Online Discussions

The “Online Discussion” refers to a weekly online discussion about the topic of the week. It’s a bit of a terminology problem: there are other things that each involve “online discussion”, but only one “weekly Online Discussion.”

What: Weekly online discussions with a required initial posting and follow up discussion.
Why: The primary goal of these assignments are to get you to think about the material in the readings and lecture, by forcing you to answer questions and have a conversation about it with your classmates.
When: An initial posting is due on Wednesday, responding to the first prompt. The discussion will stay open until the following Friday so that you can discuss with your classmates.
How: The discussions will use the Canvas online discussion boards. The class will be divided into groups to make the discussions more manageable.
Assessment: we will grade on the Grading (Ungraded Grading Scale) for the initial posting, and consider your discussion postings as part of your Grading (Discussion Grading)
Late Policy: You will be penalized if you consistently contribute your postings late. Others need you to make your postings so that they can discuss! Turning in something late (up until the time that the discussion closes) is better than nothing, but is really unfair to the others who you are supposed to be discussing with.
Drop Policy: The lowest two scores will be dropped.

Note that the “Online Discussion” refers to this weekly structured, prompted discussion. There are other online discussions (the Seek and Finds and general discussions on Piaza).

Each week there will be an online discussion related to the topic of the week.

There will be an online prompt that you need to answer. Your groupmates will see this. You cannot discuss (e.g., read and reply) to others until you have made this initial posting. The prompts are designed so that they will hopefully lead to meaningful discussion.

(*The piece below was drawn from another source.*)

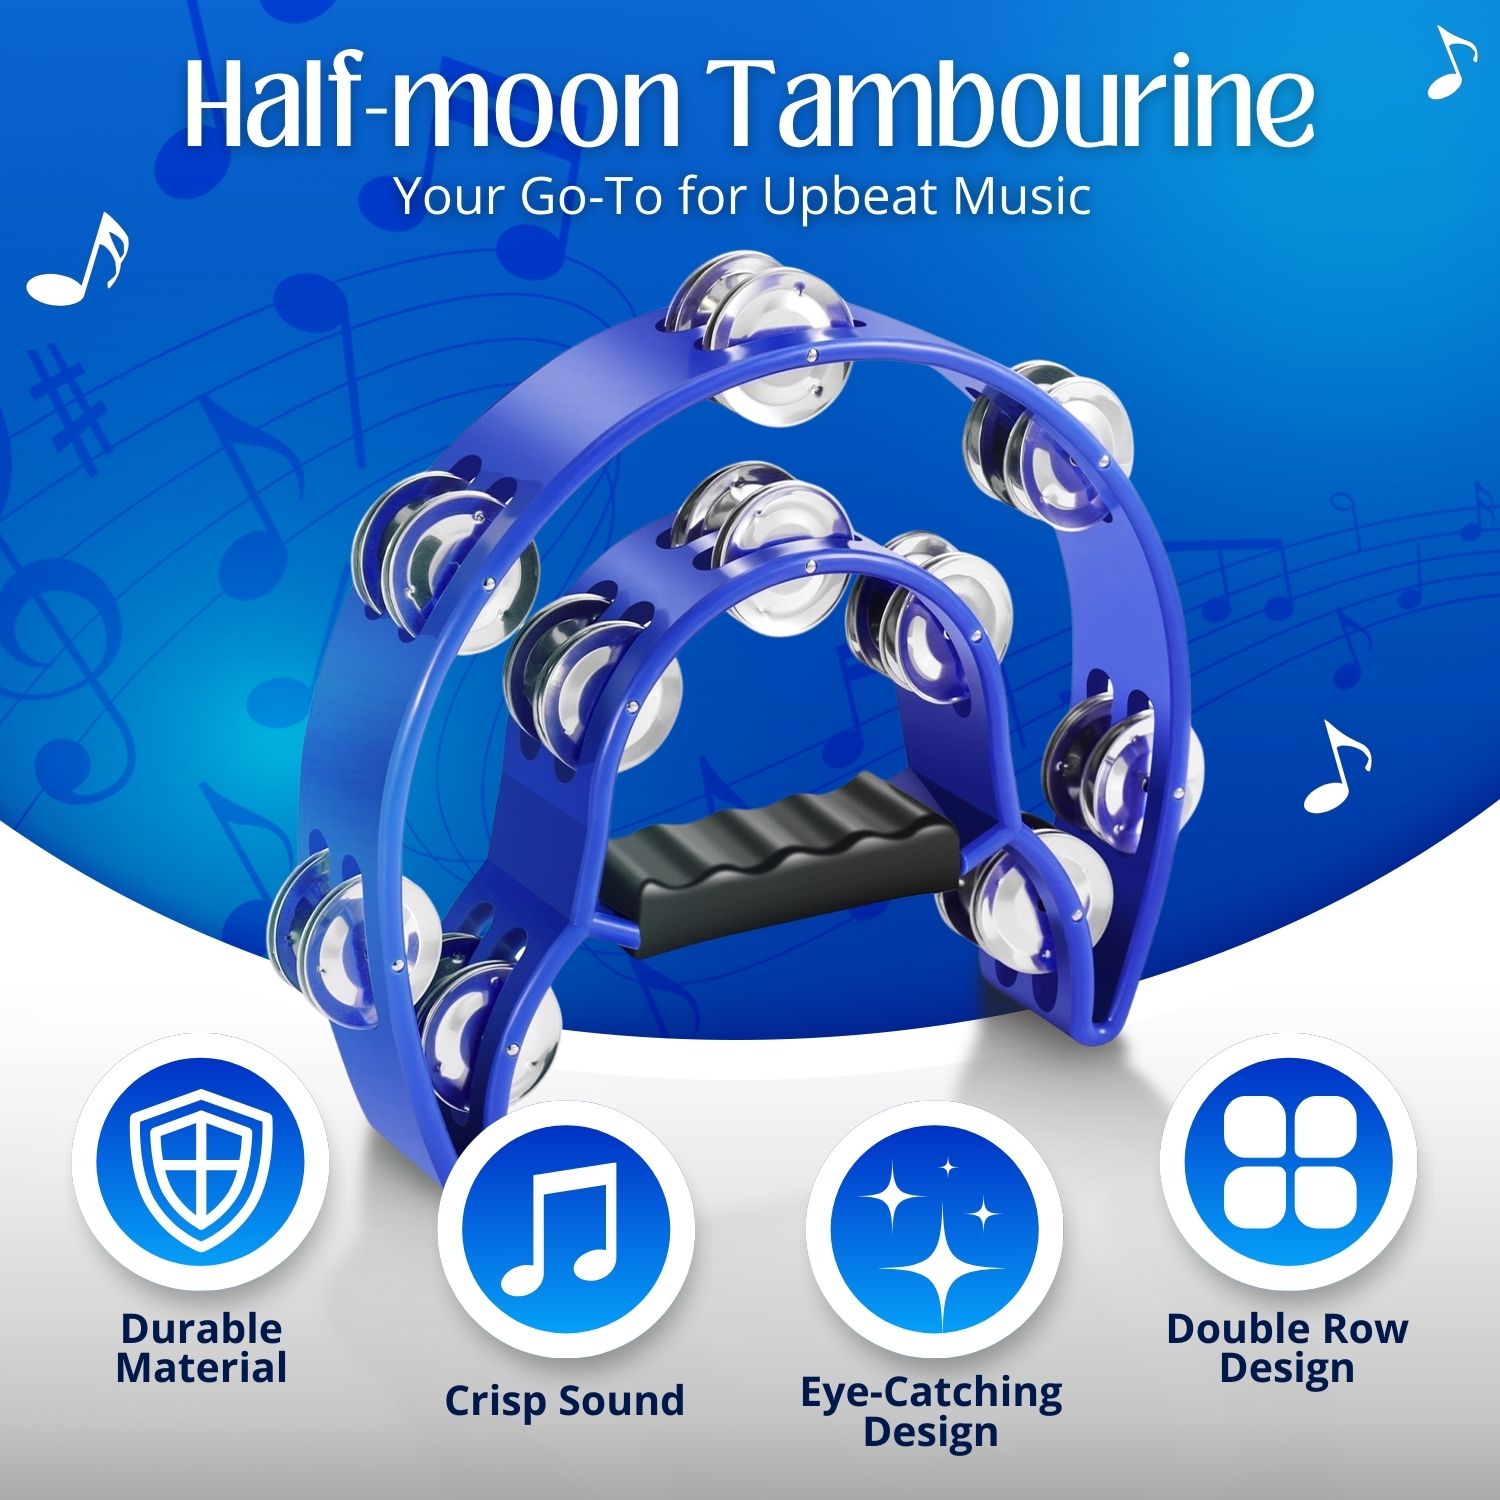 Metal Half Moon Design - The 10 inch tambourine has an ergonomic grip that makes it easy to hold and a steady grip. They are suitable for playing a wide range of music styles, including jazz, classical, hip-hop,  rock 'n' roll, and church hymns

In prior years, I tried to have the single “Online Discussion” be a place for many different things to go together. There were multiple required initial postings, and we used the discussions as places for handing in designs. This year, I am trying to split it to keep each discussion simpler. The “Online Discussion” will have a specific topic, and require a single “initial” posting. We migh have multiple discussions for other purposes (for example, we may have students turn in designs using a Canvas discussion so that we can give each other feedback).

While adding brief comments to others (like “I agree” or “good posting”) is useful (and you should do it), these don’t count as “meaningful” so you should also make more substantive responses as well. It is useful to acknowledge that you have read responses made to your posting - the Canvas “like” mechanism is a good way to do this. In general, we will use like to acknowledge a post.

Because it’s too hard to have a conversation with the whole class, the class will be broken up into random groups for each assignment. Once we get to steady state for the semester in terms of enrollment, we will hold the groups constant so people can get to know each other, but shuffle them occasionally, so you can meet new people. See Tips on Using Canvas (Canvas Groups) for some tricks.